┌─ Data shown

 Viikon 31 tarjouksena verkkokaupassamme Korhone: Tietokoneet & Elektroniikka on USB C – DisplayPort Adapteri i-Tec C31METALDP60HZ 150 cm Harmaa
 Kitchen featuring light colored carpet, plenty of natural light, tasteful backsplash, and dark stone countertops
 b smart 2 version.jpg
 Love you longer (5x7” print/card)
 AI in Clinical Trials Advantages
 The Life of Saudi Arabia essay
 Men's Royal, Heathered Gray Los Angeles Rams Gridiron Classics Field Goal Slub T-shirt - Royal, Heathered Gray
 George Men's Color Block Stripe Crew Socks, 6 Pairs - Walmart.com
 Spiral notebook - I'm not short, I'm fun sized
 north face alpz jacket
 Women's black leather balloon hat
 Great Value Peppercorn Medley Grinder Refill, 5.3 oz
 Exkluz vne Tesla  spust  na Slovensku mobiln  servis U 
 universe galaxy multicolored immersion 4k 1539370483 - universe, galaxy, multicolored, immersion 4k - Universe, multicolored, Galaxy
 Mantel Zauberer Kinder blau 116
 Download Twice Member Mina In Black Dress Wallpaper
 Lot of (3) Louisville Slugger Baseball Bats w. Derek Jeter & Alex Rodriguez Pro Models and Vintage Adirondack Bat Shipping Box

└─

▶ **Problem to solve**
In the records above, the line with "Love you longer" marks the start and the line with "Exkluz vne Tesla" marks the end; copy that stretch exactly, both lines included, and nothing else.

▶ **Task output**
 Love you longer (5x7” print/card)
 AI in Clinical Trials Advantages
 The Life of Saudi Arabia essay
 Men's Royal, Heathered Gray Los Angeles Rams Gridiron Classics Field Goal Slub T-shirt - Royal, Heathered Gray
 George Men's Color Block Stripe Crew Socks, 6 Pairs - Walmart.com
 Spiral notebook - I'm not short, I'm fun sized
 north face alpz jacket
 Women's black leather balloon hat
 Great Value Peppercorn Medley Grinder Refill, 5.3 oz
 Exkluz vne Tesla  spust  na Slovensku mobiln  servis U 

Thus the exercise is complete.